The structure of the proposal:

- Holders of 45% of ADJ bonds and an unspecified proportion of ARE 24s and 26s are to inject fresh cash of up to €937.5m of fresh cash via Sr. Sec. Loan Facilities into either ADJ itself or - more likely - into a new Luxembourg subsidiary which is to be created to hold ADJ’s assets. (The precise security has not been specified (see below) but it should include anything and everything still unencumbered and second lien where available (although there are limits on over-securing loans in Germany, some of the security may be held in entities outside the country - notably Luxembourg).

- Of that, €800m will be on-lent to ARE (partially in repayment of the Interco (affiliate) loan from ARE to ADJ of €265m so as to fund the maturities of the ARE 23s and 24s. Some €57.5m will cover OID and fees.

- The ADJ 2024s are to extend by a year and in return receive 2nd ranking status behind the fresh cash and before the remaining ADJ bonds.

- The ARE 24s and 26s need to consent to ARE providing security to the PIK portion of the new money that is to be on-lent into ARE to repay the 23s and 24s. This makes no sense on its own, as the hassle is too big for the little benefit. So we think (always thought) it safe to assume that the ARE assets will be the at centre of security provided to the new financing (alongside the ADO portfolio).


Who benefits:

- The fresh cash Loan Facilities will be highly attractive, earning 12.5% PIK, come with 1% OID and will include secured warrants worth 25% of ADJ equity. We want this.

- Consus 22s, ARE 23s and ADJ convertibles will mature regularly - receive par. We expect there to be a degree of round-tripping of cash provided by the x-holders to repay these facilities - significantly held by the same, but also the K&E group can expect to be cashed out at maturity in April.

- The ARE 24s and 26s (the only outstanding after the 23s will be repaid) will be voting to receive security.

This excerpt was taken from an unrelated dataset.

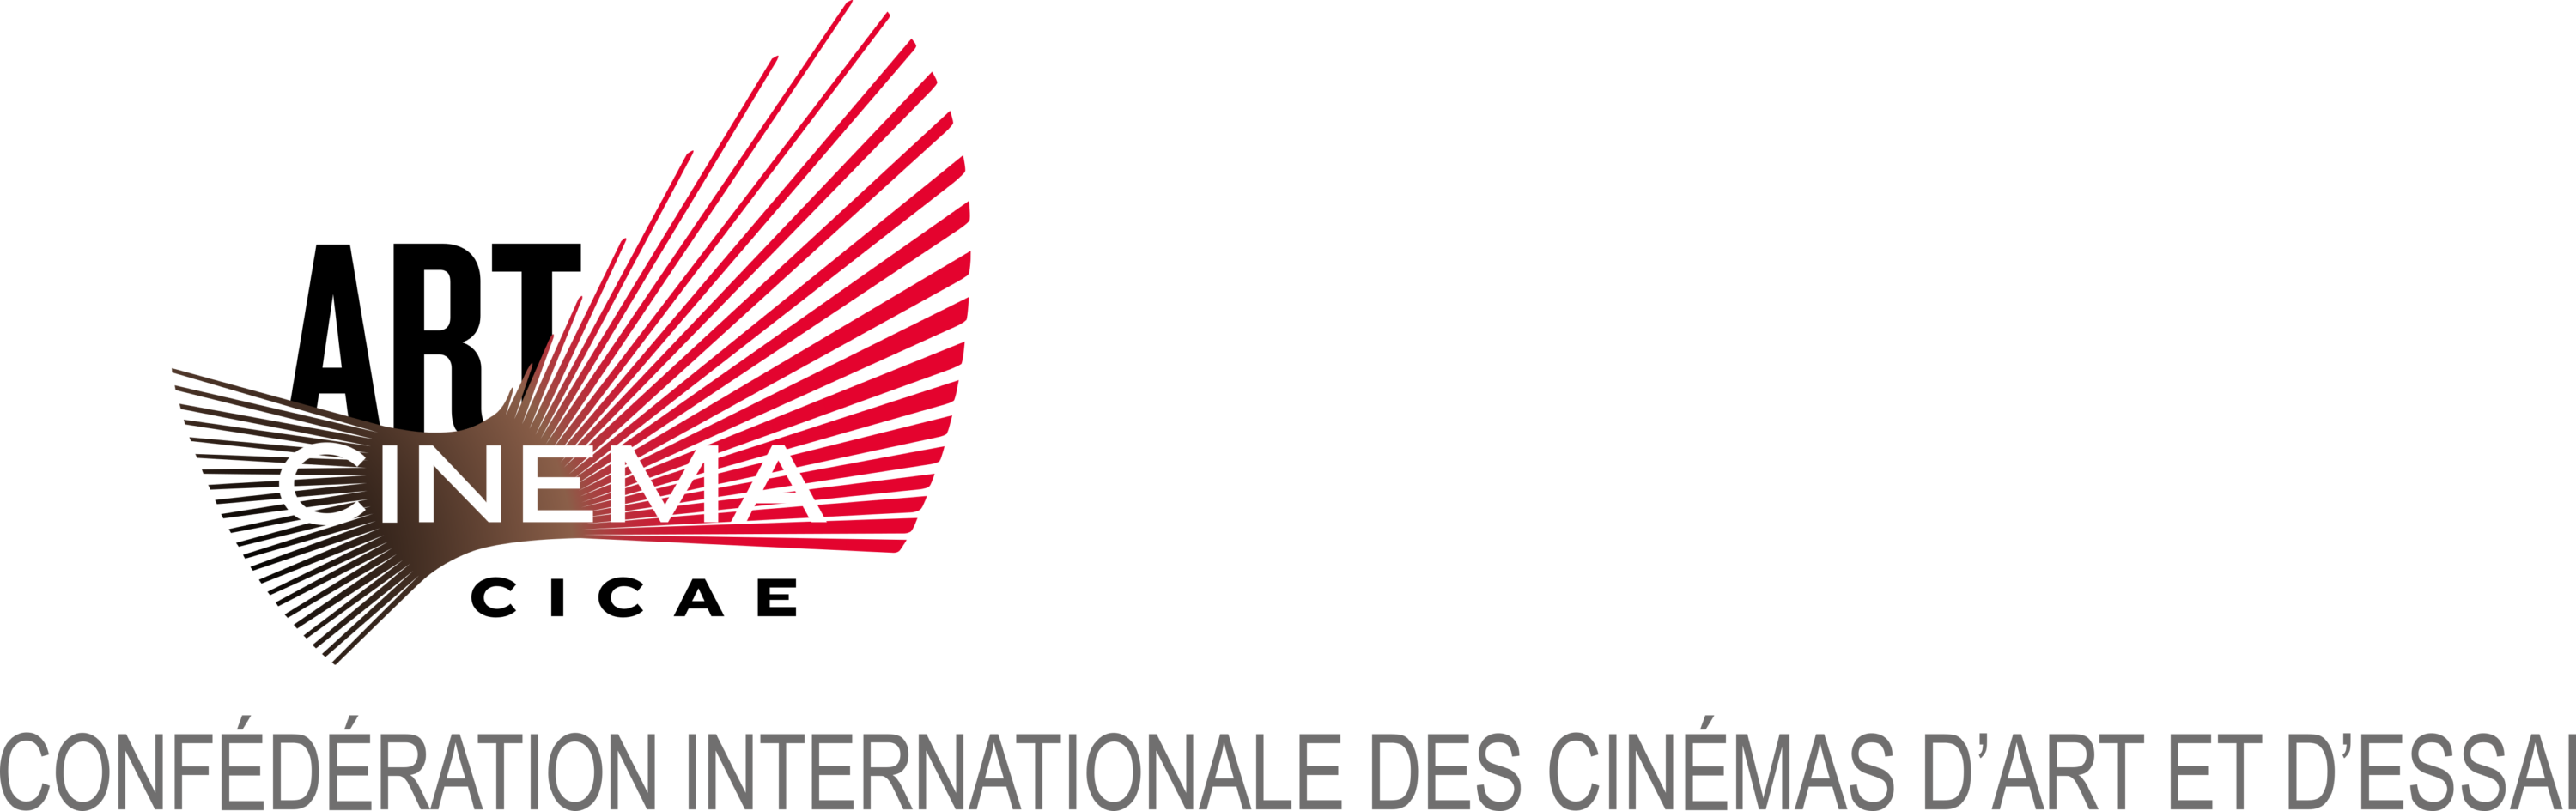 International Confederation of Art Cinemas (CICAE) Logo

Their collateral is likely not the same as the collateral securing the fresh cash, but we have no detail on that.

- The ADJ Convertibles, small Schuldscheine and the ADJ 24s in return for extending maturity will receive 2nd lien status.

- ADJ bonds voting in favour of the agreement will receive a package of subsidiary guarantees as well as security including the shares in the new Luxembourg entity that will hold ADJ’s assets. They will be layering any hold-outs in ADJ bonds, which is a highly coercive element and the reason we are confident the restructuring will succeed (see previous writings). The incremental PIK coupon of 2.75% only goes so far, but at the price this paper is trading, significant upside will come from mere recovery.

- Smaller bondholders will be able to participate in the restructuring as the X-holder group on its own is nowhere near big enough to vote on the restructuring. (Note, however, that WpHG voting takes place on the quora present at the relevant meetings, not on principal outstanding).

- Shareholders (?) are being diluted with 25% warrants and a reduction in the CoC threshold to 33% is clearly designed to keep Cevdet Caner or any other potential suitor at bay. Moreover, the future debt pile will be piking at a high rate, eating into the equity. But the shares are not being diluted any further (yet) and the restructuring saves them a certain option value on German RE.


Who loses:

- Shareholder claimants. Wirecard shareholder claimants have just lost in a bid to achieve sr. unsecured status at the AG. Even if a verdict in Adler would hand such claimants a sr. unsecured claim, the bondholders will be justifiably sr. secured by that time. Also, ADJ are handing out warrants worth 25%, which dilutes the shares.

- Anyone not consenting will get layered. Depending on how directly consent is linked to providing fresh cash (we think not), then that could include anyone unable to provide fresh cash. Again, we think not as this would jeopardise attaining a large enough majority in each ADO bond.


Positioning:

- We are anticipating the repayment of our Consus 22s. We were originally intending to recycle the cash into other bonds, but we’ve gotten surprised by the speed of events. We thought we’d struggle to be here by Christmas.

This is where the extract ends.